Aufklärungsunterricht – wertvoll oder unnötig?

Hallo lieber Leser!
Ich bin Tami, ganz neu hier auf dem Blog der lieben Anna, und wollte mal meine Erfahrungen zum Thema Aufklärungsunterricht mit euch teilen. Es betrifft heute alle Eltern und ist ja die letzten Jahre auch sehr kontrovers diskutiert worden.

Erstmal kurz zu mir:

Ich bin eine 30 Jahre junge Österreicherin und seit bald 9 Jahren glücklich verheiratet mit einem Deutschen 🙂 Außerdem bin ich Mama von zwei wilden Jungs und einem rosa-verliebten Mädchen. Ich habe mich – wie Anna auch – für das Konzept der Selbstbetreuung entschieden, bis die Kinder alt genug sind und ich wieder Teilzeit in meinen Beruf als diplomierte Krankenschwester einsteigen kann – solange meine Familie nicht darunter leidet.

 

Meine persönliche Erfahrung mit Aufklärung in der Schule

Die Geschichte mit den Bienchen und Blümchen ist bekanntlich im Alter zwischen 10 und 14 sehr aktuell und nimmt einen Großteil der Teenie-Gespräche ein (vor allem bei Mädchen).
Gleichzeitig ist es aber auch ein sehr sensibles Thema und der Umgang damit – im Unterricht wie im Elternhaus – hat großen Einfluss auf die Jugendlichen, ihr Denken und Handeln.

Vor inzwischen fast 17 Jahren kam ich als damals 14-Jährige in den Genuss eines ganzen Tages Sexualkunde.

Der Unterricht fand außerhalb der Schule mit einem uns völlig fremden, männlichen „Sexperten“ statt. Es war keine einzige uns vertraute Personen zugegen. Nur wir Schüler und dieser Mann.

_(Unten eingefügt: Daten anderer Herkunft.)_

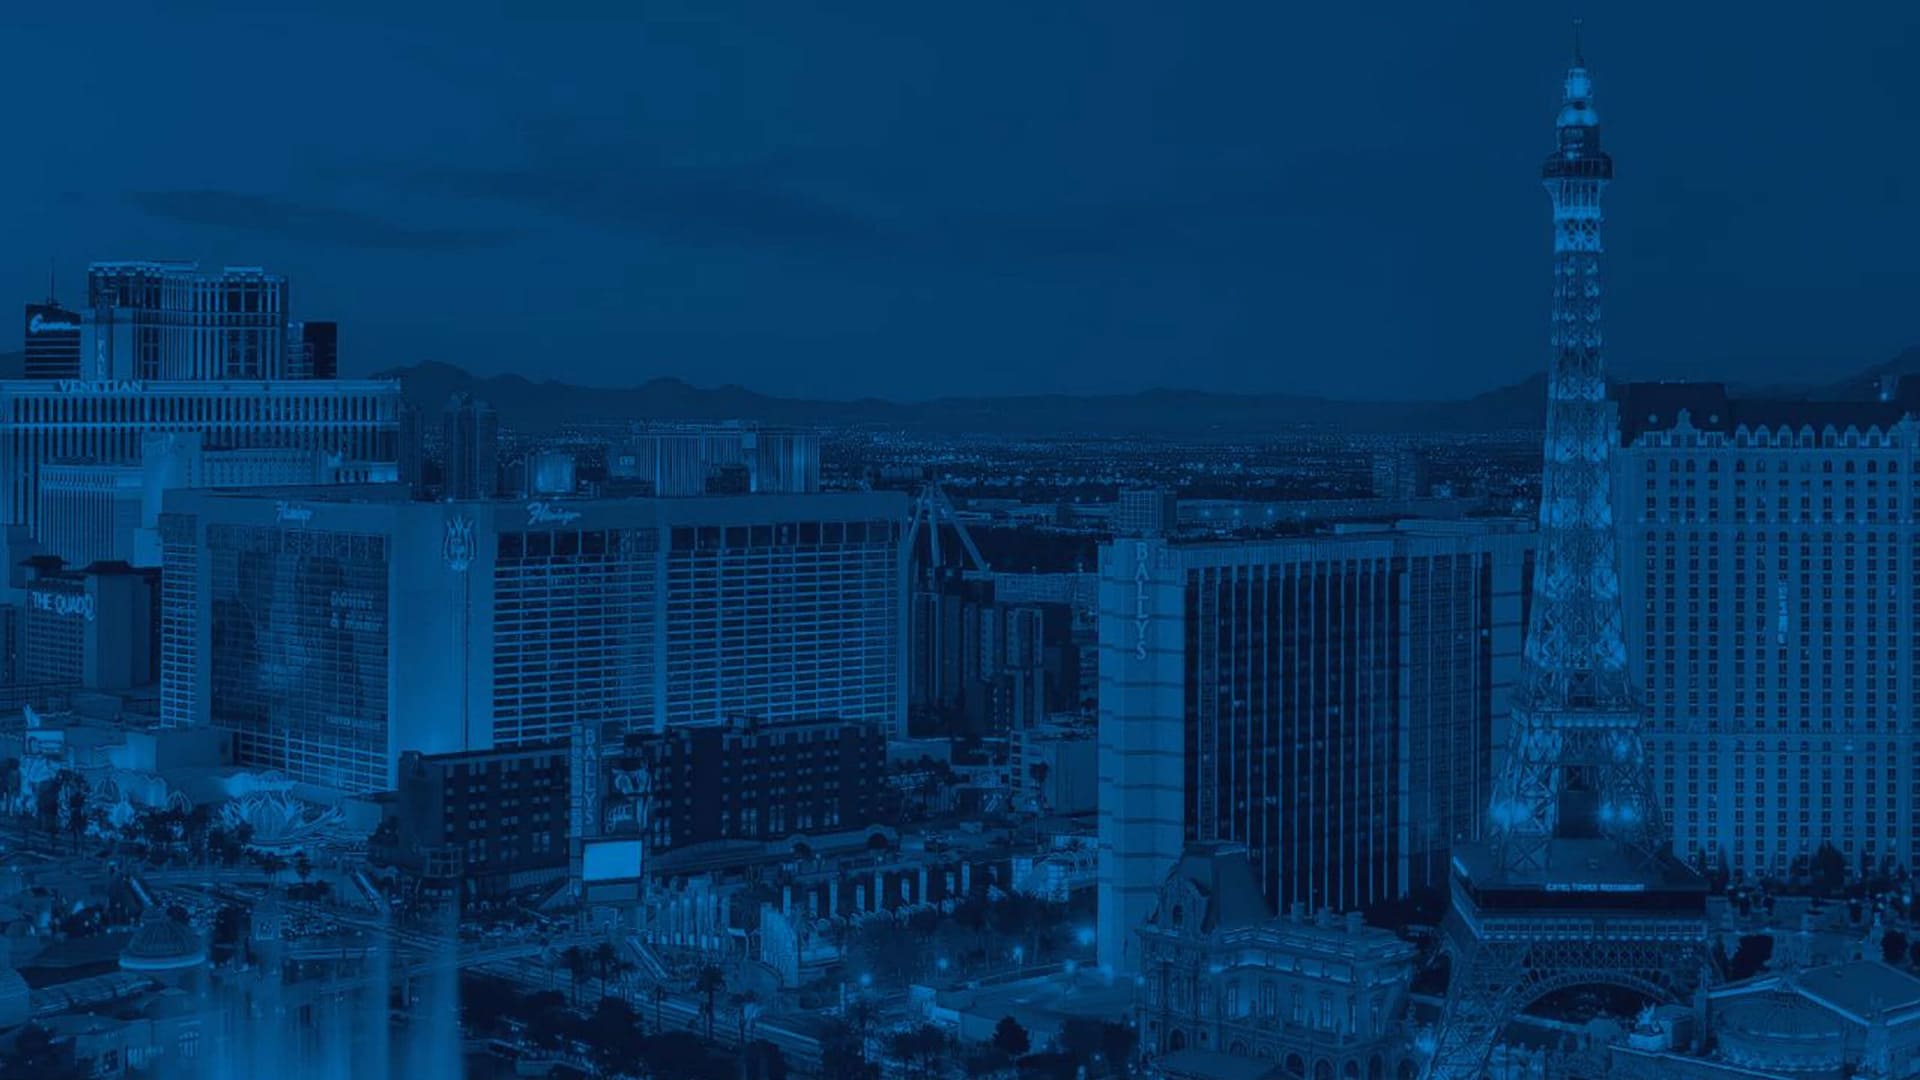 ”持続可能で安全な都市ラスベガス”のイメージ画像 / Image of ”Las Vegas – A Sustainable and Safe City”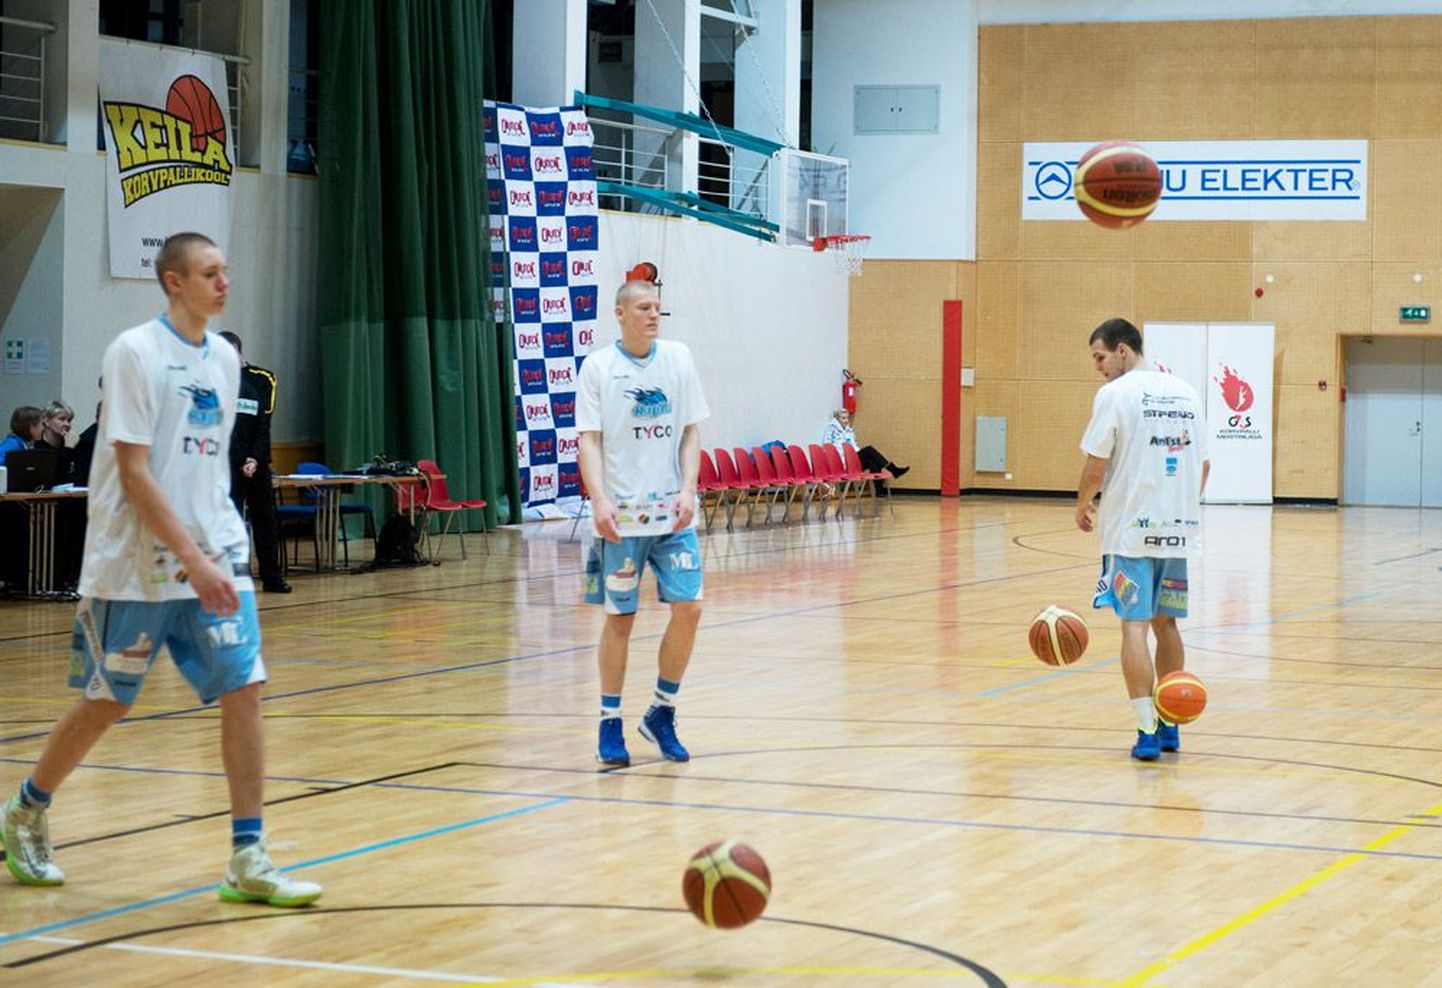 Rapla TYCO noored mängumehed (vasakult) Rauno Nurger, Martin Jurtom ja Martin Paasoja pole suutnud veel päris põhitegijateks saada.

Die Intention war, dass wir mit jemand Fremdem freier reden könnten als mit Lehrpersonen.

Angefangen hat der „Unterricht“ mit sehr intimen Fragen (angeblich zu Forschungszwecken) wie:

„Hast du schon mit Zunge geküsst?“
„Hast du schonmal masturbiert?“
„Hast du schonmal einen Dildo oder Vibrator benutzt?“
„Hast du schonmal mit Jemandem Petting gemacht?“
„Hattest du schon einen Orgasmus?“
„Hattest du schon Sex?“

Diese konnten mit
1) Ja
2) Nein
3) Geht euch nichts an
beantwortet werden.

Wie ihr euch denken könnt, wurde dem Alter entsprechend natürlich jede Antwort 3 sofort als Ja interpretiert. Das war schonmal sehr unangenehm. Und ich glaube auch, dass viele (gerade die Mädels) bei den meisten Fragen aus Scham unehrlich geantwortet haben.

Weiter ging es dann mit den praktischen Grundlagen. Wie man eine Vagina „feucht“ bekommt oder einen Penis zum erigieren. Alles gezeigt anhand von Dildos und lebensechten Nachbildungen. Untermalt von anschaulichen „Praxisbeispielen“ aus dem Erfahrungsschatz unseres „Lehrers“…

Dann kamen wir in den Genuss eines meiner Meinung nach pornografischen Zeichentrickfilms. Wer es sich antun will suche auf YouTube nach „Sex – eine Gebrauchsanweisung für Jugendliche“. (Warnung: sehr schrill und bunt)

Sie haben zwar versucht, darin möglichst alle Themen anzusprechen (Selbstbestimmung, Vorspiel, Verhütung), aber ganz ehrlich:

Das habe ich damals alles gar nicht wirklich mitbekommen.

Ich war 14, durch meine Eltern längst aufgeklärt und wusste, wie der Hase läuft.
Aber dieser Film war das erste mal, dass ich eine so bildliche Darstellung gesehen hab. Das meiste Gerede im Hintergrund habe ich gar nicht wirklich wahrgenommen, weil ich von den visuellen Informationen einfach total überfordert war.

Ich habe keine Ahnung, wie viele aus meiner Klasse vorher schon mit Pornografie zu tun hatten. Die populären BRAVO-Heftchen wurden in der Klasse öfter weitergereicht, also konnte ich da schon ein paar Eindrücke sammeln. Aber dieser Film war zu viel.

Abgeschlossen haben wir den Tag mit der Übung, Kondome über Holzdildos zu ziehen. Weil sich das ja in Echt genau so anfühlt *Ironie*

 

Fazit

Man sagt doch immer, dieser Unterricht soll Jugendlichen (und ja bald auch schon Kindern!) den verantwortungsvollen Umgang mit Sexualität beibringen.
Das tut er meiner Meinung nach nicht, im Gegenteil.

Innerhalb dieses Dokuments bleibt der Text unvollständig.